Net cash used in operations for the three months ended March 31, 1996 was
$360,178 as compared to $459,451 for the three months ended March 31, 1995. The
decrease to cash used in operations resulted primarily from a decrease in
operating expenses paid and an increase in rent collections.
No working capital advances or repayments occurred between the Partnership and
the Local Limited Partnerships during the three months ended March 31, 1996 and
1995. The combined amount carried as due to the Partnership by the Local
Limited Partnerships was $12,400 as of March 31, 1996. Future advances made
will be charged to operations; likewise, future repayments will be credited to
operations.
Distributions received from Local Limited Partnerships represent the
Partnership's proportionate share of the excess cash available for distribution
from the Local Limited Partnerships. As a result of the use of the equity
method of accounting for the Partnership's investments, as of March 31, 1996,
investments in all four Local Limited Partnerships had been reduced to zero.

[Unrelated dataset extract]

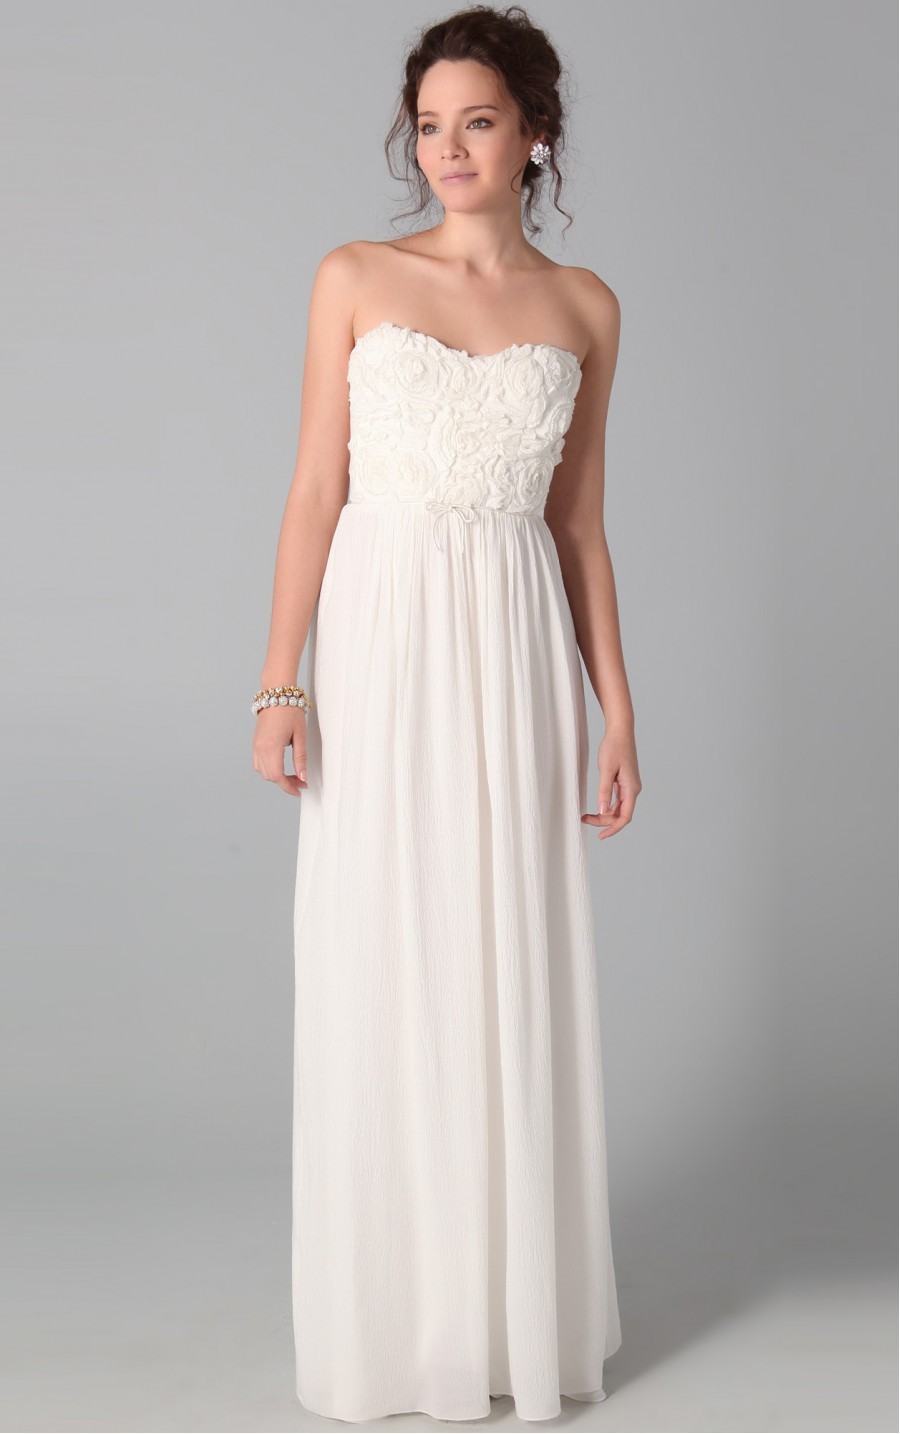 strapless-white-maxi-dress-white-strapless-dresses

For these investments, cash distributions received are recorded as
distributions received in excess of investment in Local Limited Partnerships.
There were no distributions during the three months ended March 31, 1996 and
1995. The receipt of distributions in future quarters is dependent upon the
operations of the underlying properties of the Local Limited Partnerships.
Cash and cash equivalents amounted to $44,082 at March 31, 1996. The ability of
the Partnership to meet its on-going cash requirements, in excess of cash on
hand at March 31, 1996, is dependent on operations of Trinity Apartments,
distributions received from the Local Limited Partnerships, and proceeds from
the sales or refinancing of the underlying Properties. As of March 31, 1996,
the Partnership owes the General Partner $1,020,059 for administrative and
reporting services performed. During the three months ended March 31, 1996, the
General Partner made a payment on behalf of Trinity Apartments of $667,201 as a
condition of a new mortgage modification agreement effective March 15, 1996. As
of March 31, 1996, the Partnership owes the General Partner
-10-
<PAGE> 12
NATIONAL HOUSING PARTNERSHIP REALTY FUND IV
(A MARYLAND LIMITED PARTNERSHIP)
MANAGEMENT'S DISCUSSION AND ANALYSIS OF
FINANCIAL CONDITION AND
RESULTS OF OPERATIONS
$1,926,486 plus accrued interest of $1,250,679. The payment of the unpaid
administrative and reporting fees and advances from the Partnership and NHP to
the Local Limited Partnerships will most likely result from the sale or
refinancing of the underlying Properties of the Local Limited Partnerships as
defined by the Partnership agreement, rather than through recurring operations.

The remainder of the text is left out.